So, what are your plans at the moment? Do you intend to move back home? Will you be sleeping in the MBR?

My plan is to move back into the family home I have lived in for 15 years. I’m not sure whether it was right to leave in January but I am sure it is right to go back now.

I have given notice on my tenancy so have to be out in the next 3 weeks. I have also given notice to WW that I will be moving back in. This was met with resistance, where I think I held my ground, but it certainly wasn’t agreed to.

It hasn’t been discussed since, except the next day on the phone where WW requested, the next time we discuss “us” should be out of the house as she said d11 had overheard, which I don’t think was true. I wasn’t discussing “us” just informing her I need to move back in. I am in no rush for an R talk, that can happen if and when she’s ready. The problem is she feels any talk of me moving back is tied to an MR discussion/decision so I have realized it is too much pressure to bring it up again. I have stated what I need to do and now feel that is enough.

It has now been nearly two weeks since the discussion without it being mentioned again, even though we have been alone together in the house quite a few times. I feel it’s good she hasn’t initiated a discussion intended to deter me, My plan is to move back in over the next 3 weeks and enjoy spending more time with my kids, fixing my house etc, regardless of what she does.

I have been virtually living there anyway, just not sleeping and waking there and this whole time has been in complete harmony with no pressure or pursuit. I think we both would go so far to say we've been consistently getting on much better than the entire 12 months leading up to BD. I think this is down to my DBing, following the rules, and implementing consistent 180's concerning patience, communication & parental responsibilities. Thanks to so many kind people on this board, i'm in a much better place as a person than I was a few months ago.

I am pretty sure she has gone NC with OM and is dealing with the withdrawal. I certainly won’t initiate an R talk and I'm in no rush for her to. Re transparency, I won’t even mention the word, unless we are at a point where she is really asking what I need from her to rebuild trust and stating that she is willing to do anything necessary. She is leaving her phone out and her pc on much more now and has never been very good at hiding things anyway, so it might not be needed smirk

I realize this is a marathon, and that the mess of the EA needs to be resolved before she can work on releasing her resentment and consider working on our MR. I am ready for this process to take many, many months and won’t be surprised if it doesn’t happen at all. I’ve made my peace with the fact it’s out of my control and she has to make her own decisions on her own journey. I have also dealt with my anger with what’s happened, or for kids sake I wouldn’t be moving back in.

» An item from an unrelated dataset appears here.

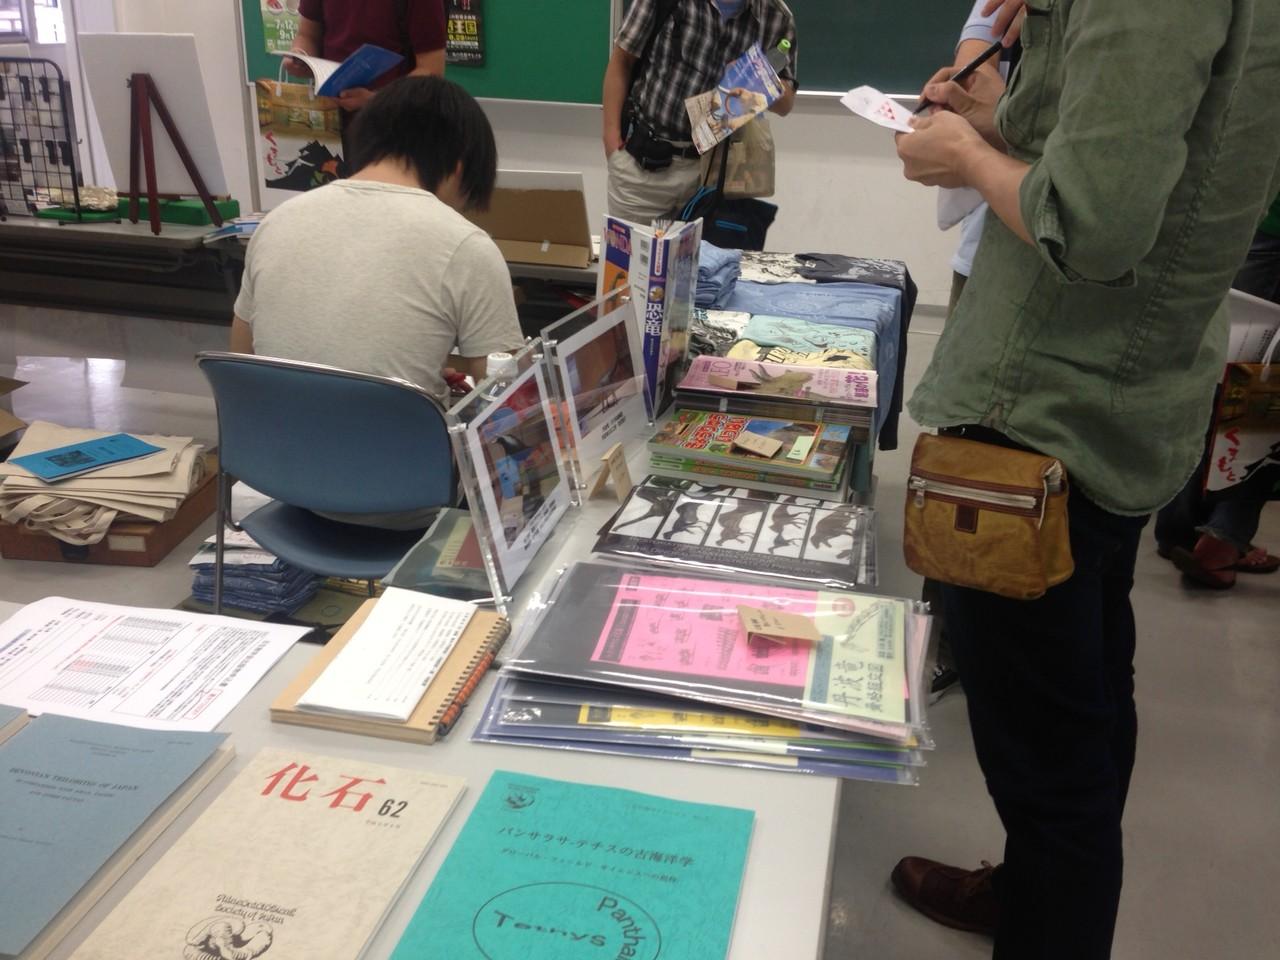 徳川さんの属するACTOWのプロダクツも販売されています。

There certainly could be some resistance to me moving back into the MBR. I have a plan to clear some space in the attic, so if necessary I can sleep up there. I would prefer to be in the MBR, especially now I realize how symbolic it is, but I’m not going to die on a hill for it. I will let her have it for now if it’s that important to her, but won’t volunteer that information up front.

I’ll check with a L regarding the legality of me moving back. But I know for a fact if she tries to legally stop me I will properly implement the LRT and go darker on her than I ever have with everything except kids necessities. Me enabling this cake eating in the throne of power has to stop whether I am living there or not.


LBH 47 WW 47, M 15 T 18
D 11 S 14
BD, I moved out (duped) Jan 18
3 yr EA with ex-H discovered: Feb 18
I moved back in: Aug 18 (against her wishes)
...No R No M/C, continued limbo, dropping the rope!